The Power of Momentum
The Power of Momentum - most bowhunters use Kinetic Energy to determine whether their arrows will have enough energy to harvest animals efficiently. That's too bad because kinetic energy doesn't even have a direction. It's a measurement of the TOTAL ENERGY an arrow and broadhead have at a given moment, but it is NOT an indicator of whether your arrow and broadhead set-up has a high probability of penetrating an animal. Momentum on the other hand is the measure of a force moving in a specific direction over a period of time. Momentum tells us how much energy, based on the weight and velocity of the arrow, it has available to use during impact and penetration before it stops penetrating and comes to rest. Momentum is a much better indicator of what we can expect for penetration from our arrows.
Note: Even knowing our momentum is not enough. When discussing penetration the physical characteristics of the arrows and broadheads come into play as well. See: Top 12 Penetration Enhancing for the rest of the story.
Good Luck Stopping a Train(Or a GrizzlyStik, High FOC Optimized Arrow)
The same physics applies to stopping higher grain weight arrows with a high FOC. Once in motion, they want to stay in motion.
Consider this, the kinetic energy formula is K.E. = 1/2 m v2
Since the velocity is squared, relatively small increases in speed, bump your KE very quickly. That seems to make a logical case in favor of lightweight, fast arrows right?
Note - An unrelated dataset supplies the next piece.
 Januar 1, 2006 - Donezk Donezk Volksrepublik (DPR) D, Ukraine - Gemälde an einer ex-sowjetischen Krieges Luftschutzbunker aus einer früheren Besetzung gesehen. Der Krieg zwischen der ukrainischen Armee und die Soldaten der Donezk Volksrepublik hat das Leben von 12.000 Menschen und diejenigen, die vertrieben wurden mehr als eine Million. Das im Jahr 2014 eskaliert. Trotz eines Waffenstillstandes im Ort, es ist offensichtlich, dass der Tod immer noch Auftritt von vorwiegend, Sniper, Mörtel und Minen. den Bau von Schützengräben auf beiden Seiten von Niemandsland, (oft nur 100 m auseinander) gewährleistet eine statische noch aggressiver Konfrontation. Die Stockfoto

Here's the problem. During arrow flight and especially during arrow penetration, velocity sheds its energy twice as fast as momentum does. Lightfast arrows lose energy much faster than slow heavy arrows. That's because heavier slower arrows carry more momentum.
The momentum formula is Momentum = mass times velocity or ?p = (m * v)
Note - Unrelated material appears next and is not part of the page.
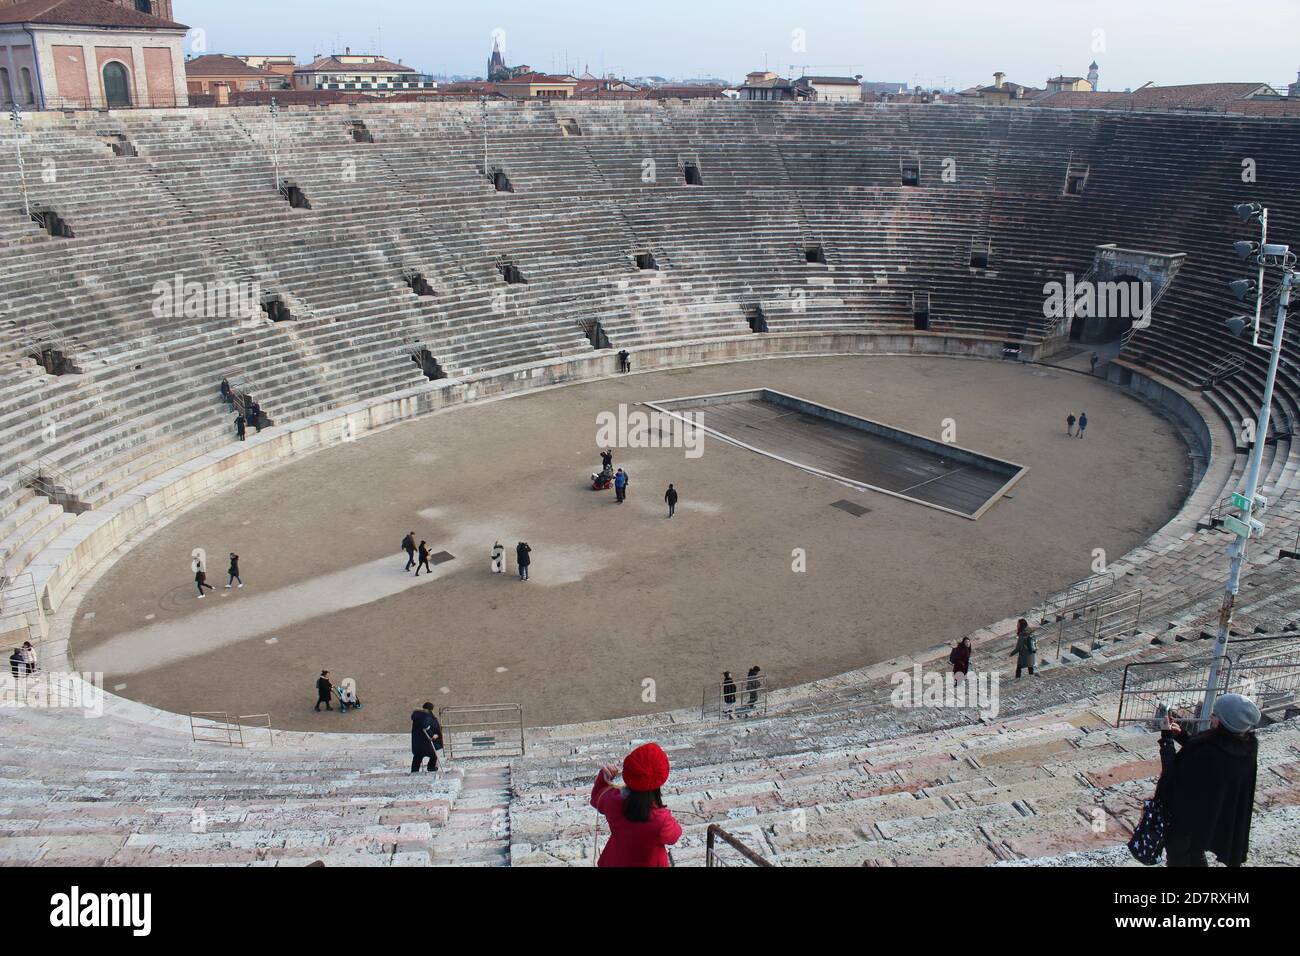 Vista dall'alto dell'interno dell'arena di Verona Foto Stock

Most people measure kinetic energy at the bow, but for a more relevant number, we should measure at the point of impact shouldn't we?
Another problem is that, upon impact, the faster the object striking another is moving, the more the object being struck resists. In other words, the animal's tissues will actually resist the penetration of a fast-moving projectile more than a slower moving projectile. End result? It's easier to penetrate animals with slower-moving heavy arrows than with faster lightweight arrows.
Heavy slower-moving arrows lose less energy in flight and during penetration than lightweight fast arrows. This is because of inertia. (?an object in motion tends to remain in motion.) Think of a golf ball and a ping-pong ball. They're both about the same size but even if the ping-pong ball is launched twice as fast as the golf ball, the ping-pong ball does not have the weight to keep it in motion. It loses its energy much faster than the slower-moving but heavier golf ball. Even at only ten feet away, which would you rather be hit with, a ping-pong ball moving at 300 feet per second or a gold ball moving at 150 feet per second?
When you first launch the ping-pong ball, because the formula is slanted in favor of speed, it may very well have a higher kinetic energy rating. The golf ball however retains its energy because of its higher momentum factor and is able to deliver downrange where it's needed most.
Try this simple test: Take two lightweight (300-400 grains) arrows; on one, install an 80-grain field point or, to prove a point, no point at all. Throw that arrow as far as you can. Now take the other arrow and install a 315-grain field point. Throw that arrow as far as you can. What happened? The lighter arrow, especially if you used no tip at all, wiggled and wagged, was very unstable, AND didn't travel nearly as far as the more stable, heavier tipped arrow. Hmmmmmm?
Now, to really make a point, throw one of our full-length tapered GrizzlyStik carbon arrows with a 315-grain field point on it. Quite a difference! That's the power of momentum. That's the advantage of forward-thinking.